■ **Records to use**:
[Start of Attachment]

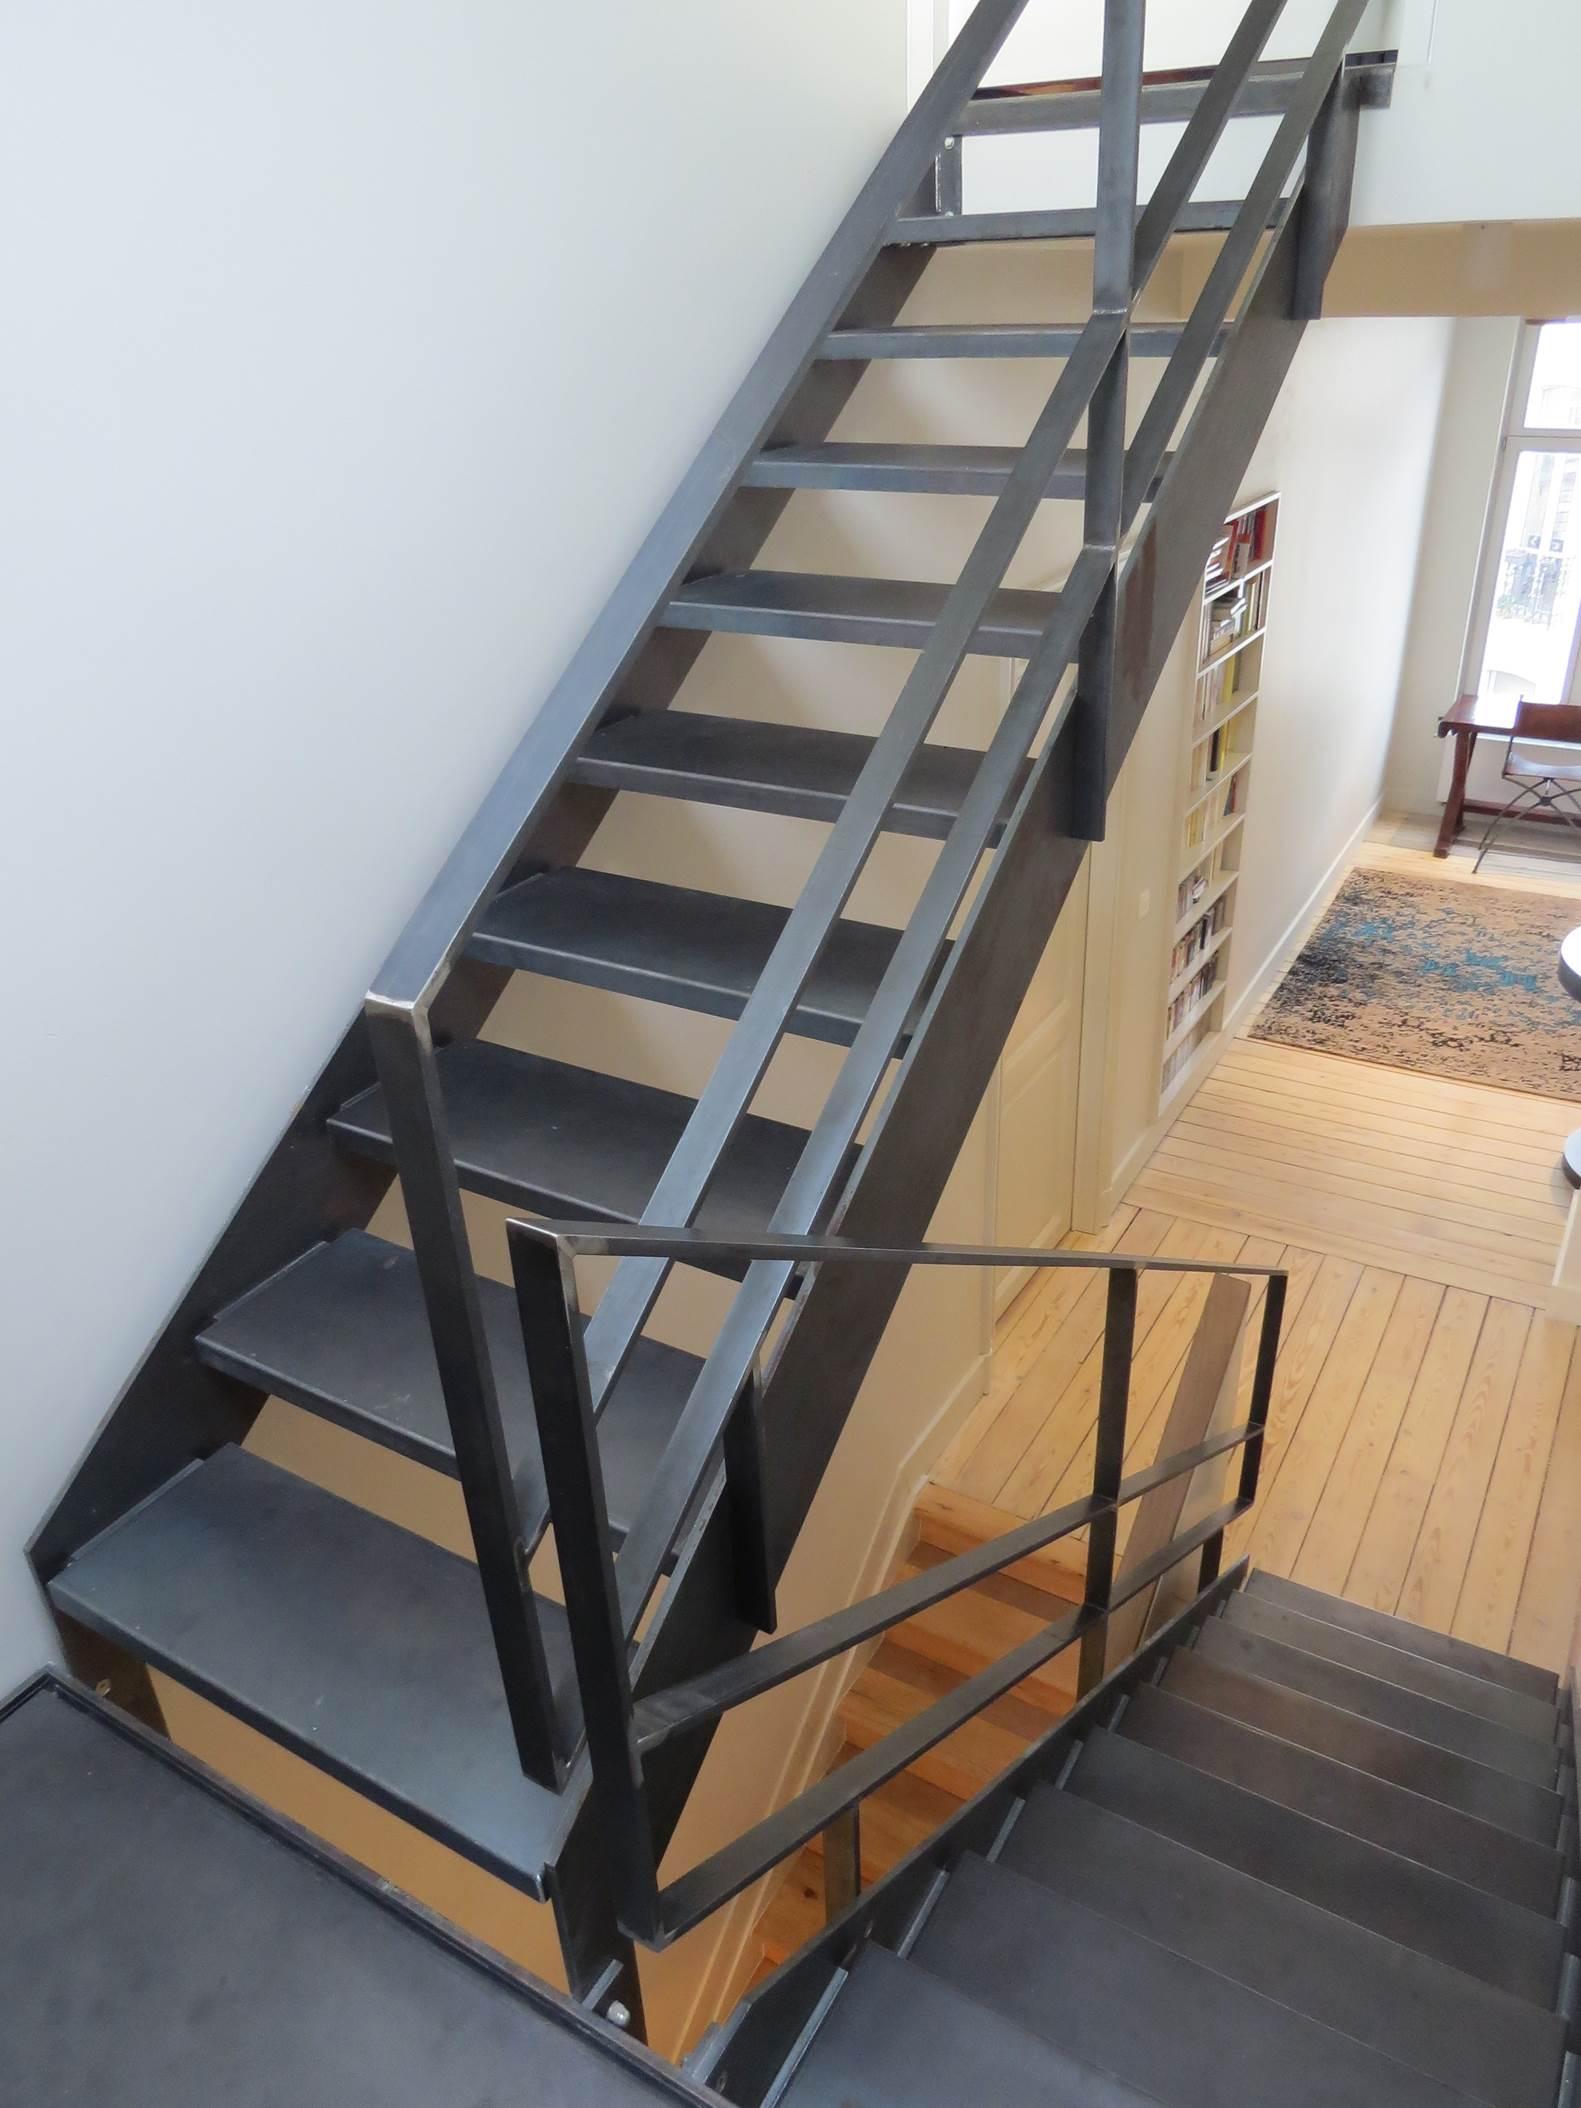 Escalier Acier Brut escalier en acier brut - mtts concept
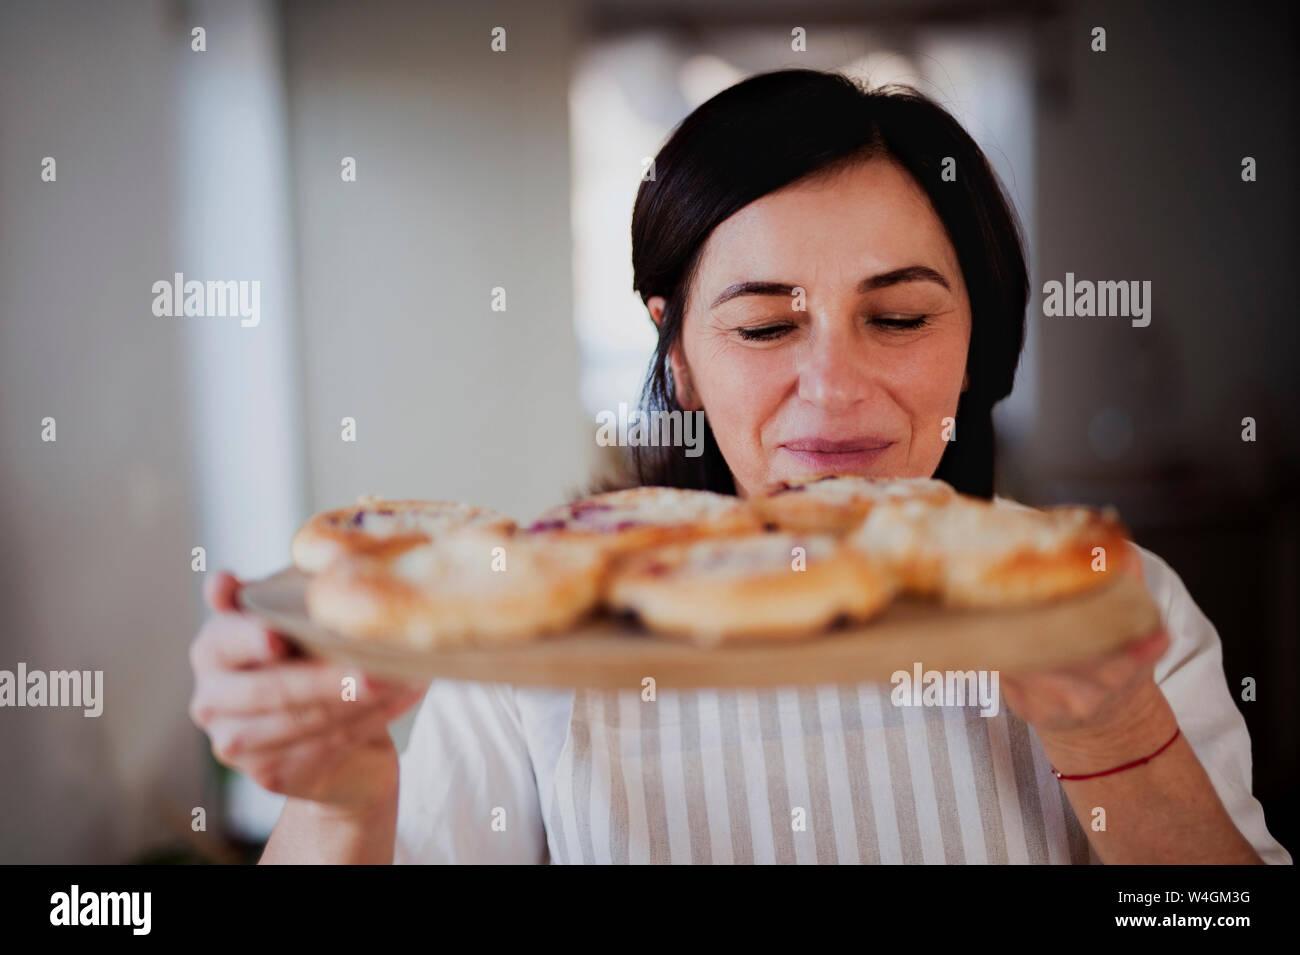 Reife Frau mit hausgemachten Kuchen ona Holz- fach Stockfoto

[End of Attachment]
[Start of Attachment]

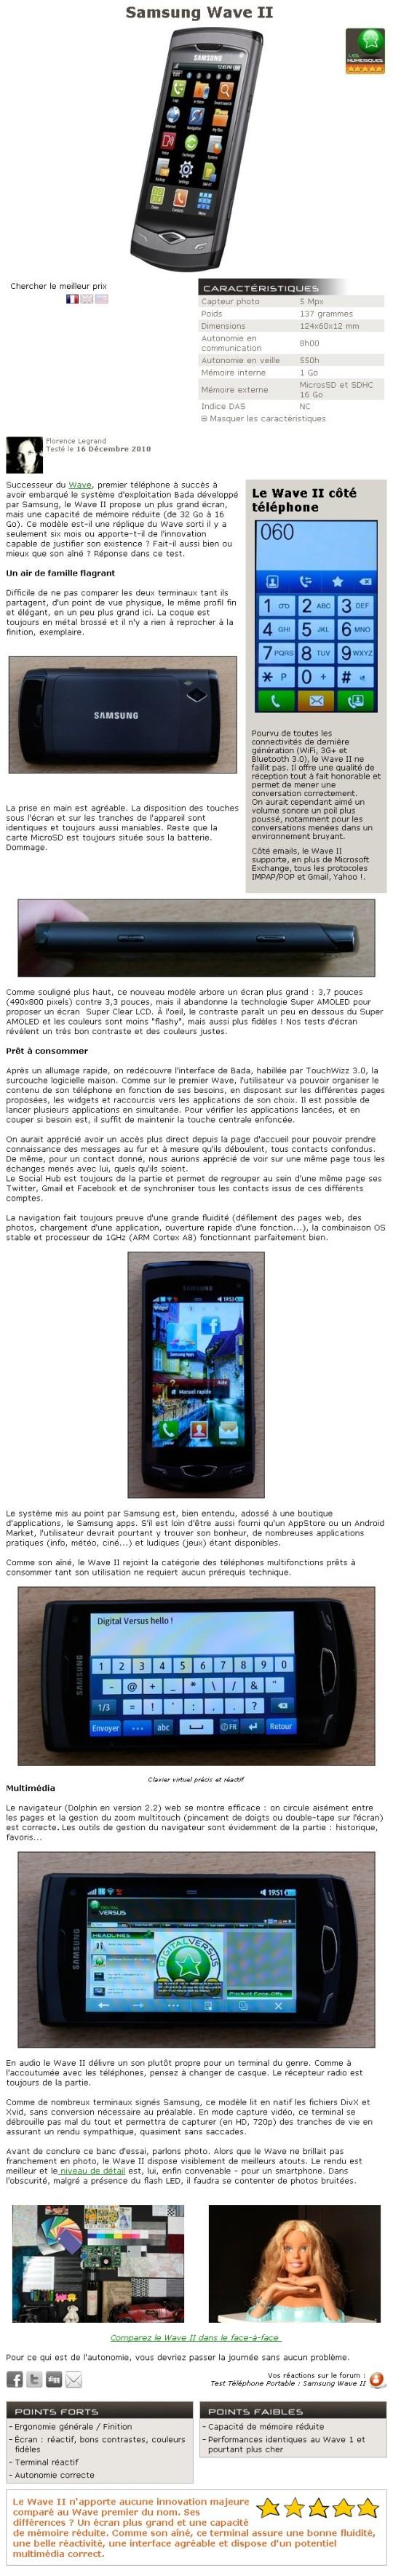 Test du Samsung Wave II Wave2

[End of Attachment]

■ **Directions for this task**: Start with the line above containing "Escalier Acier Brut" and end with the line containing "Reife Frau mit". Set down that stretch exactly, without any pictures.

■ **Response**:
 Escalier Acier Brut escalier en acier brut - mtts concept
 Reife Frau mit hausgemachten Kuchen ona Holz- fach Stockfoto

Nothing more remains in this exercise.